OCL_ZVE.sol#L198C78-L198 UniswapV2Router02.sol#L61-L76 UniswapV2Router02.sol#L33-L60 OCL_ZVE.sol#L191-L209

Tool used

Manual Review

Recommendation

The project wants to clear allowances after all transfers, therefore set the router allowance to 0 after providing liquidity using the returned value from the router:

  (uint256 depositedPairAsset, uint256 depositedZVE, uint256 minted) = IRouter_OCL_ZVE(router).addLiquidity(
      pairAsset, 
      ZVE, 
      balPairAsset,
      balZVE, 
      (balPairAsset * 9) / 10,
      (balZVE * 9) / 10, 
      address(this), block.timestamp + 14 days
  );
  emit LiquidityTokensMinted(minted, depositedZVE, depositedPairAsset);
- assert(IERC20(pairAsset).allowance(address(this), router) == 0);
- assert(IERC20(ZVE).allowance(address(this), router) == 0);
+ uint256 pairAssetAllowanceLeft = balPairAsset - depositedPairAsset;
+ if (pairAssetAllowanceLeft > 0) {
+     IERC20(pairAsset).safeDecreaseAllowance(router, pairAssetAllowanceLeft);
+ }
+ uint256 zveAllowanceLeft = balZVE - depositedZVE;
+ if (zveAllowanceLeft > 0) {
+     IERC20(ZVE).safeDecreaseAllowance(router, zveAllowanceLeft);
+ }

This will remove the left over allowance after providing liquidity, ensuring the allowance is 0.

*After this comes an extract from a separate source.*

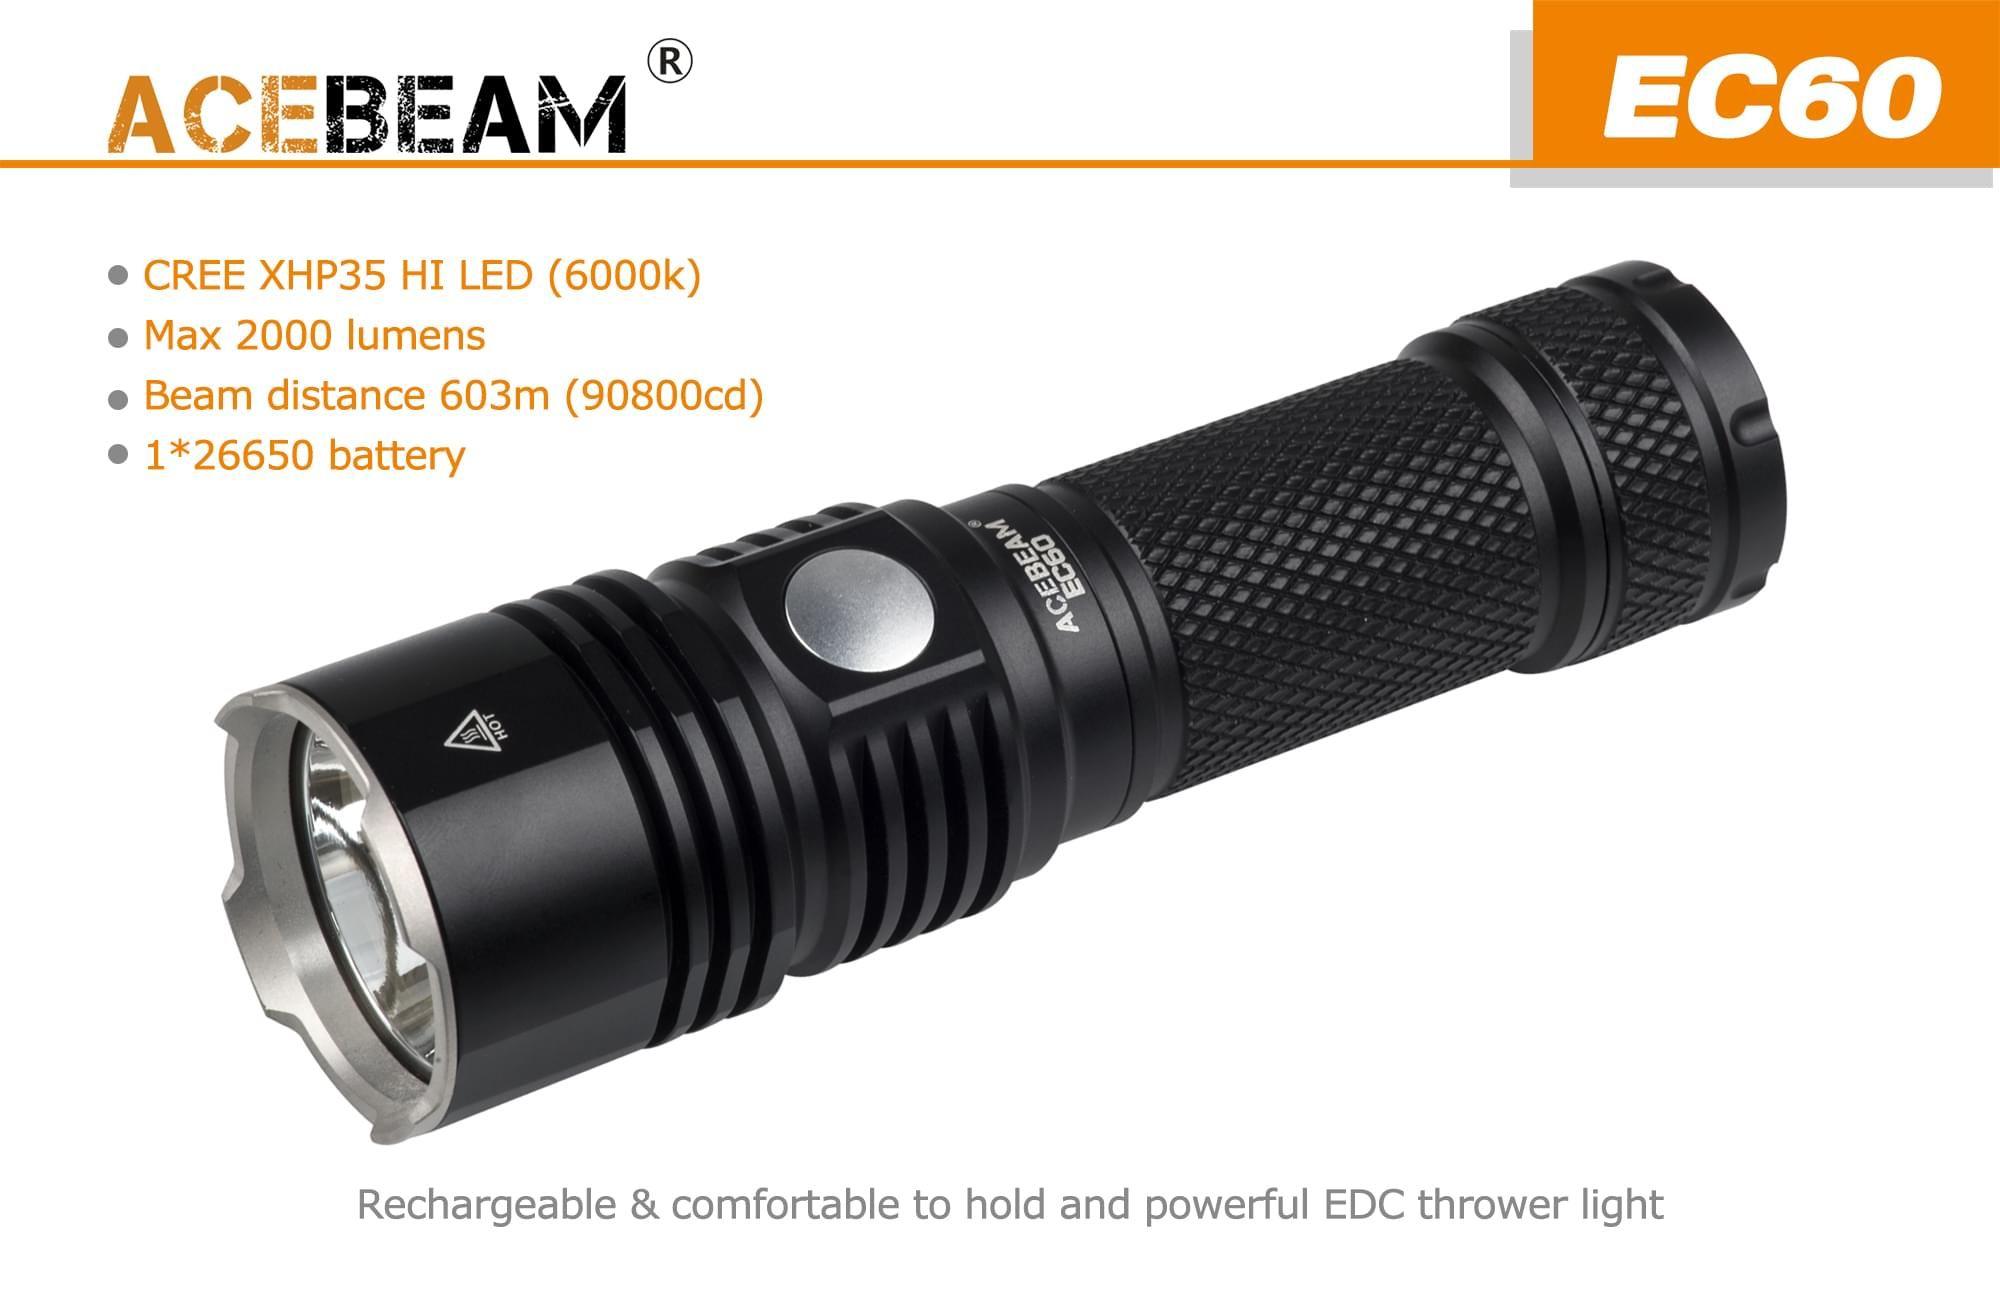 Battery ACEBEAM EC60 Cree XHP35 HI LED USB Rechargeable EDC Flashlight Torch
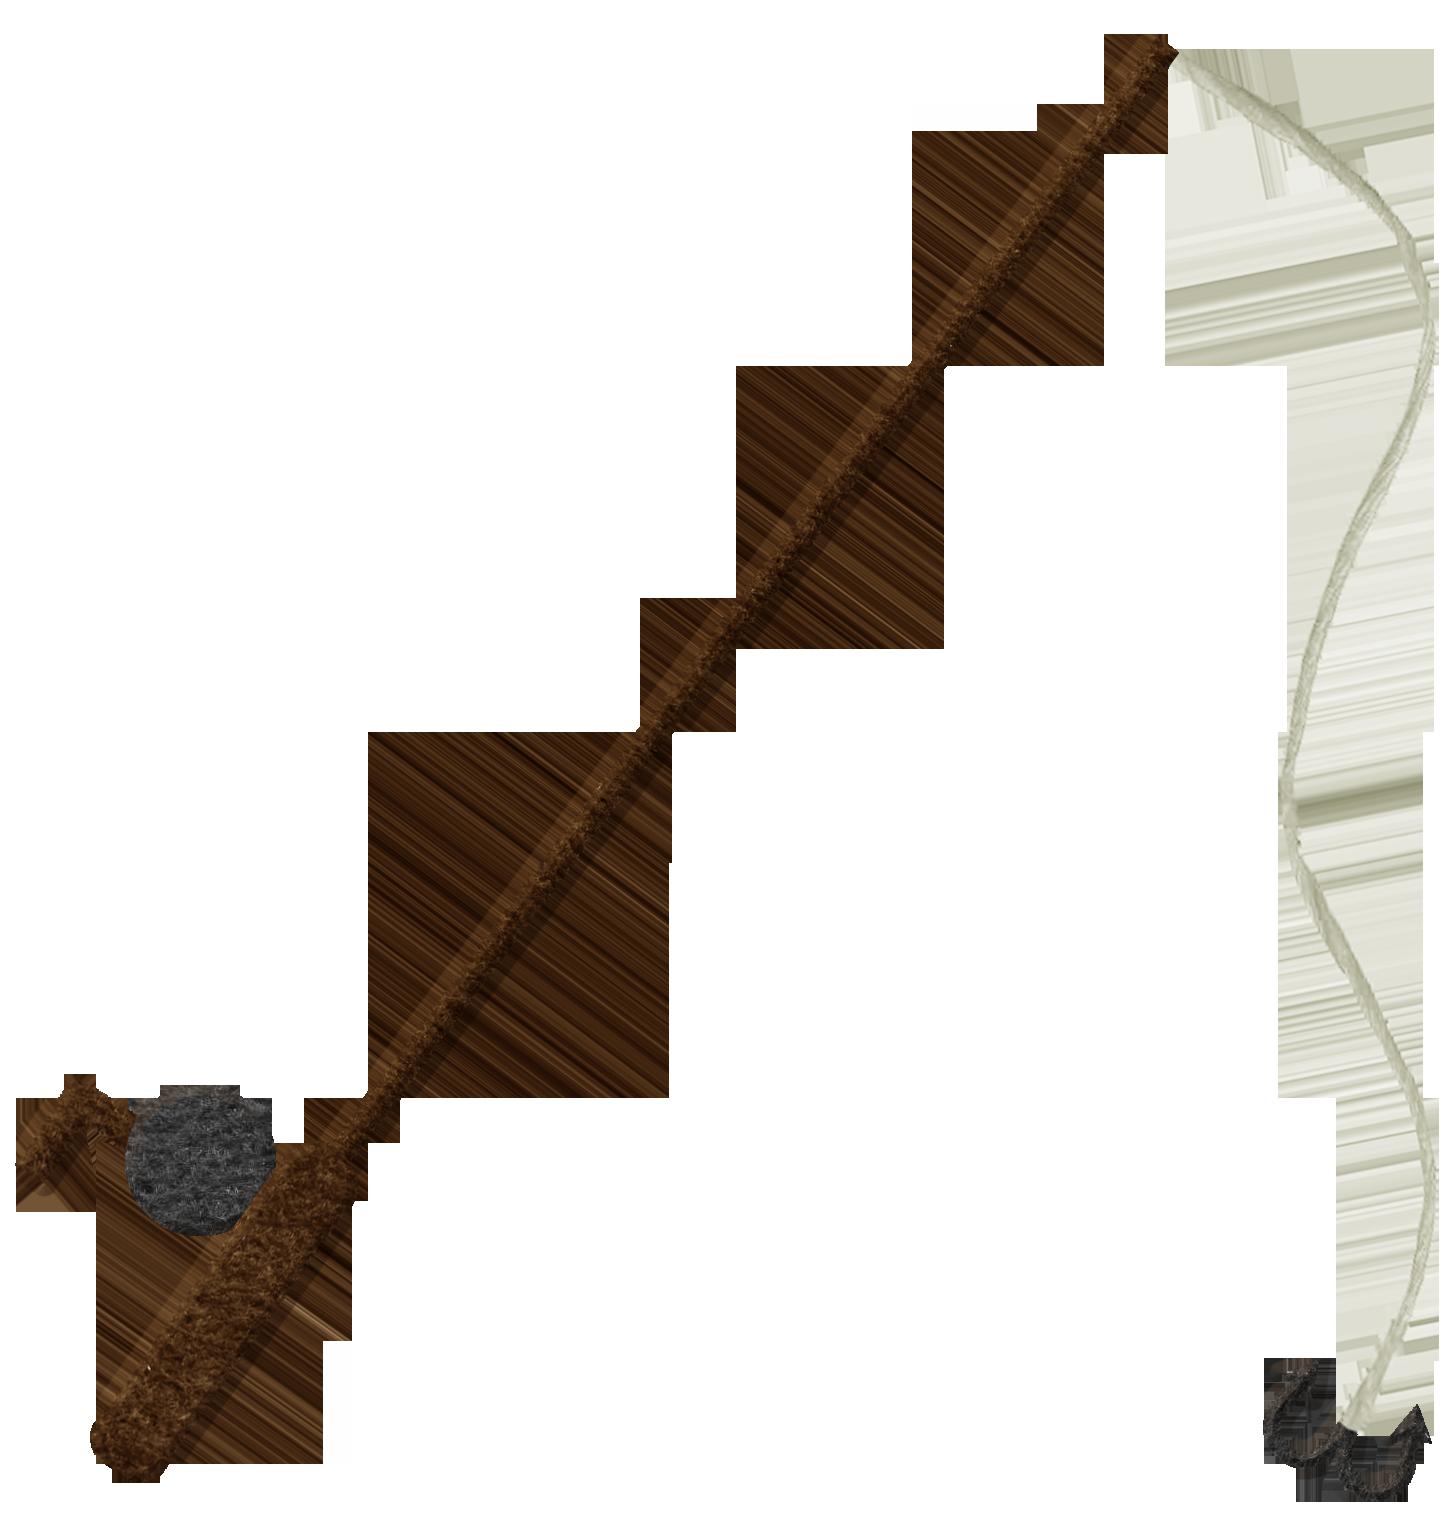 Fishing pole clipart tumundografico 4.

pseudonaut commented 4 months ago

Valid

sherlock-admin4 commented 4 months ago

1 comment(s) were left on this issue during the judging contest.

panprog commented:

medium. While amounts provided are from the trusted admin, who is supposed to provide exact amounts to add liquidity in correct ratio of token amounts, the fact that live balance of the contract is used makes it possible for the balance to change from the time admin provides the amounts, making the transaction revert. Additionally, current contract balances might be in so high disproportion, that admin will simply not have enough funds to create correct ratio to add liquidity.

sherlock-admin2 commented 3 months ago

The protocol team fixed this issue in the following PRs/commits: https://github.com/Zivoe/zivoe-core-foundry/pull/264

sherlock-admin2 commented 3 months ago

The Lead Senior Watson signed off on the fix.